Life in a Blender
Satsuma
Fang Records
This collective have been creating music on the New York underground scene for close to two decades. In that time, they’ve tried earned a reputation as a “chamber pop” band. Their latest outing, Satsuma, is a collection of six spikey, punkish tunes inspired by a book club reading list.
The record opens with the horn driven “Vacancy for Bluebirds” (inspired by Kurt Vonnegut’s “A Man Without a Country”). It’s sort of a tale of life during wartime with the protagonist schlepping through day-to-day grind, but still willing to fight the good fight. “Party in the Drunken Forest” (inspired by The Secret Life of Trees by Peter Wohlleben) has pretty harmonies and lyrics about aphids and rising sap. “Freak of Nature with a Broken Heart” (inspired by Dean Haspiel’s The Red Hook comics) sounds like it should be in an episode of Stranger Things.

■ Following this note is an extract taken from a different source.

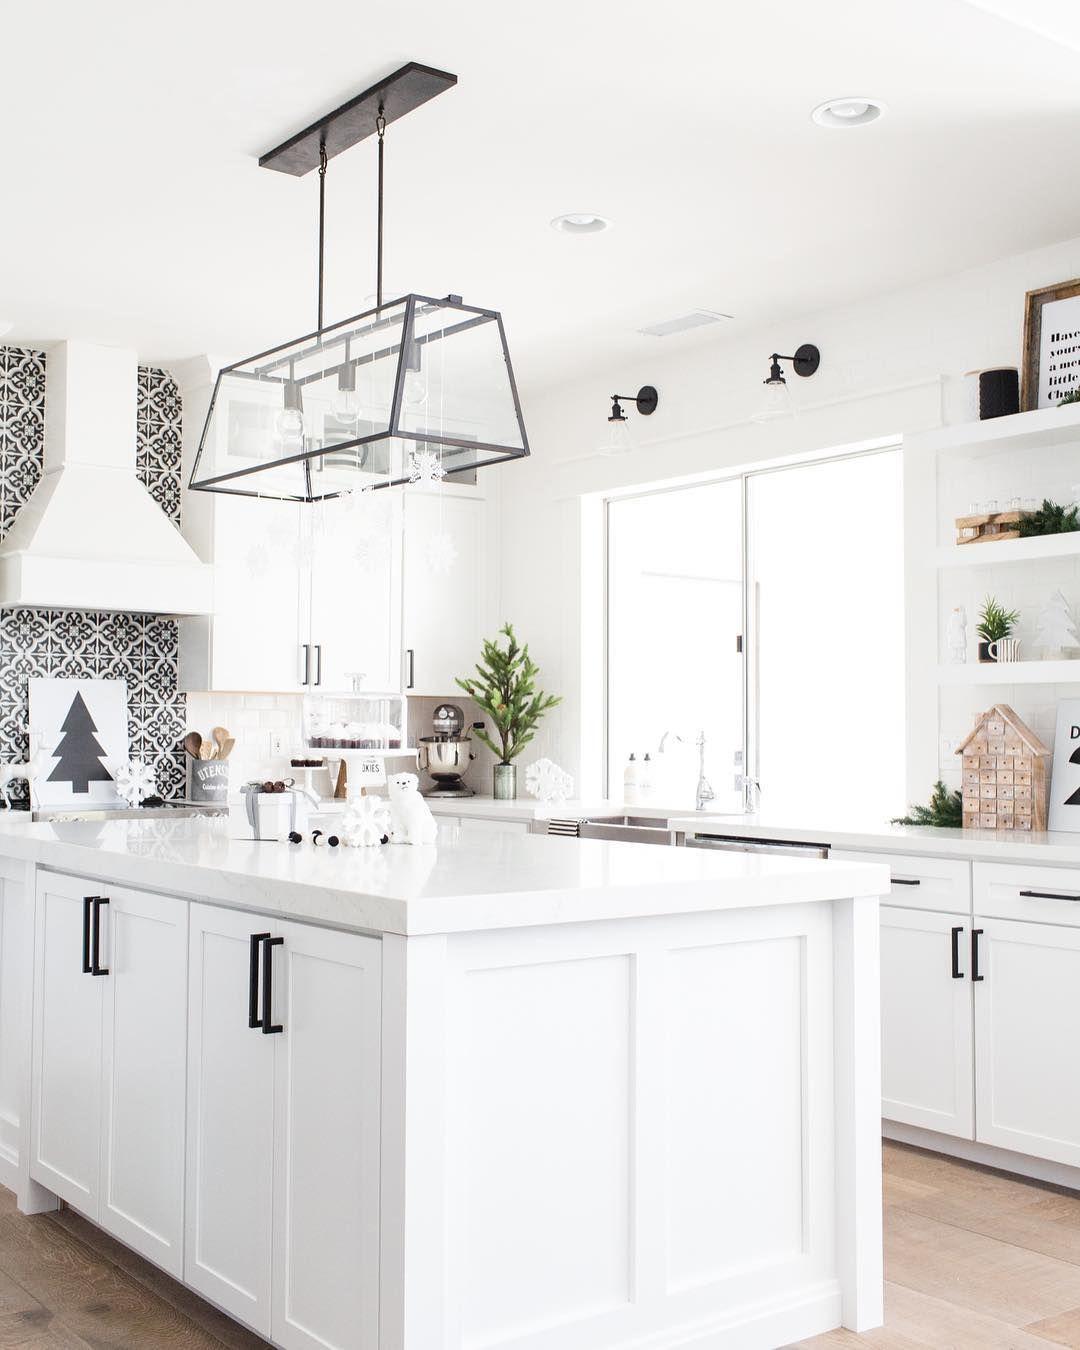 Modern white kitchen with black graphic backsplash and

I find “Soul Deliverer” (inspired by Tea Obreht’s The Tiger’s Wife) compelling and vaguely disturbing. The characters seem to live in the same world as the reapers in Dead Like Me. The song is propulsive and upbeat with lyrics “I know my days are numbered” and “I’ve tried to kill myself a thousand times.” It’s good to know that someone or something will be there to guide you when you move on from this life.

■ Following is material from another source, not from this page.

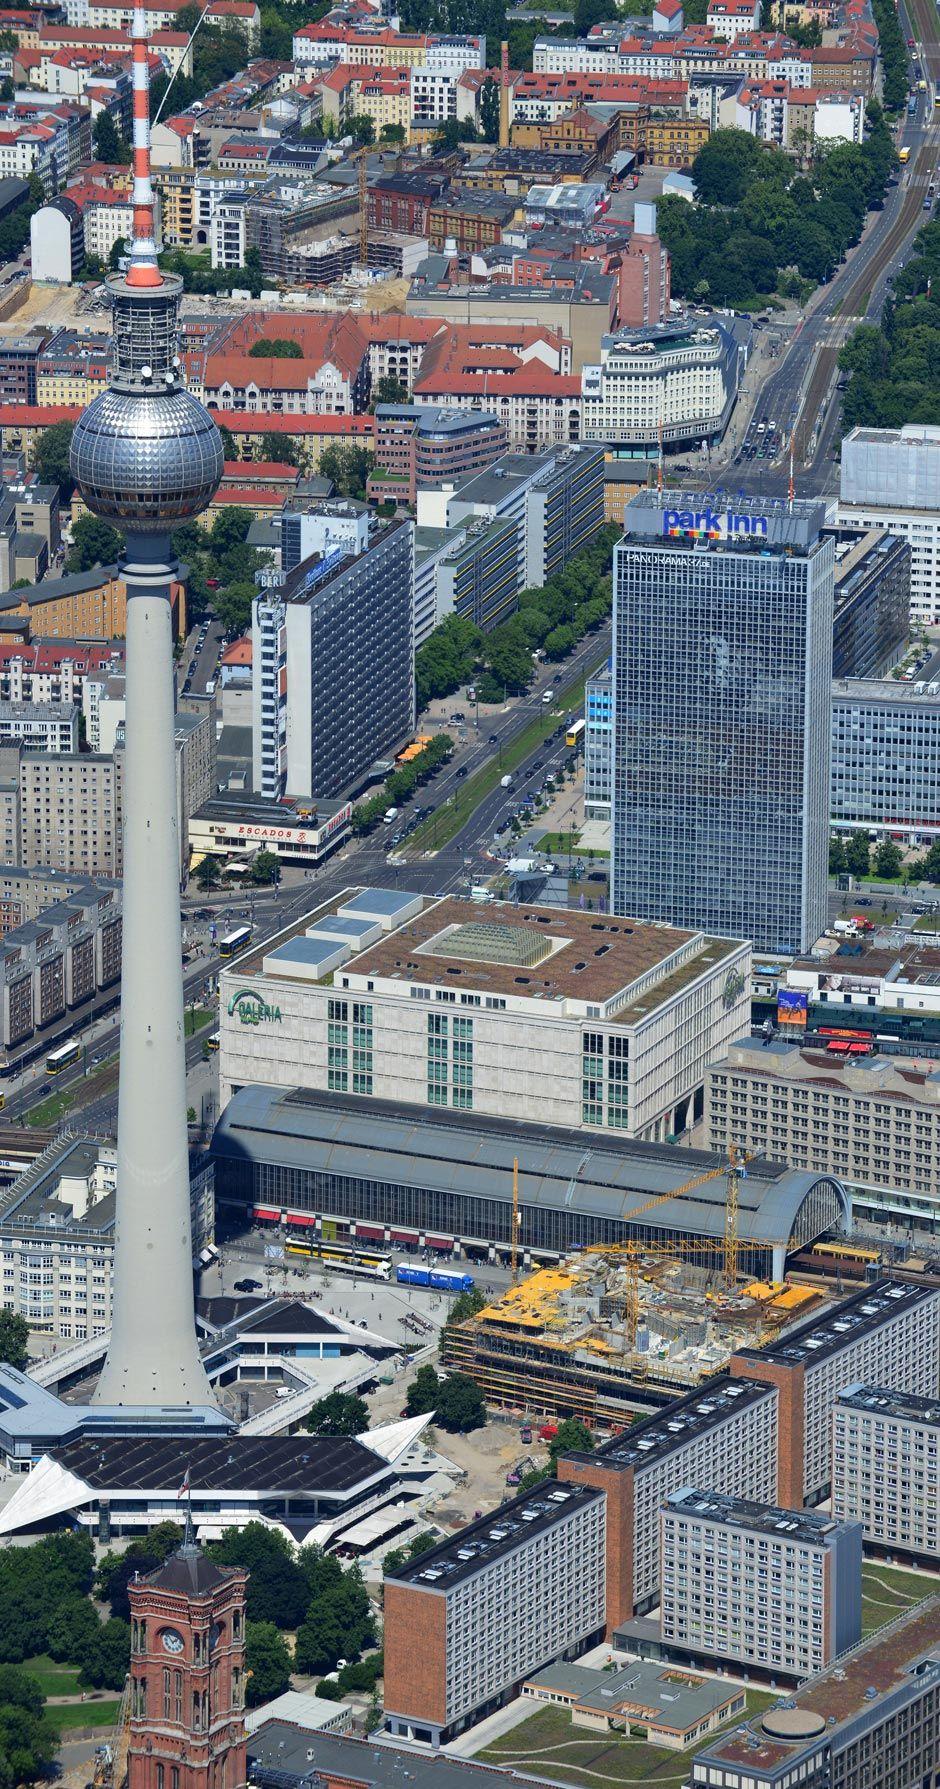 Das Ist Berlin Von Oben Berlin Berlin Von Oben Berlin Aktuell

As you might expect, songs derived from literary sources give the writers a lot to work with. Don Rauf spins out some colorful wordplay. When was the last time you heard someone sing, “you should see me in my tighty whities” or use the word kattywampus in a song? Now I’m inspired to track down the source stories to get the whole story.
The CD package includes a book with cocktail recipes from artists and bar tenders. Just an incentive to get the hard copy of Satsuma, and (as if 2020 wasn’t providing enough) another reason to keep drinking.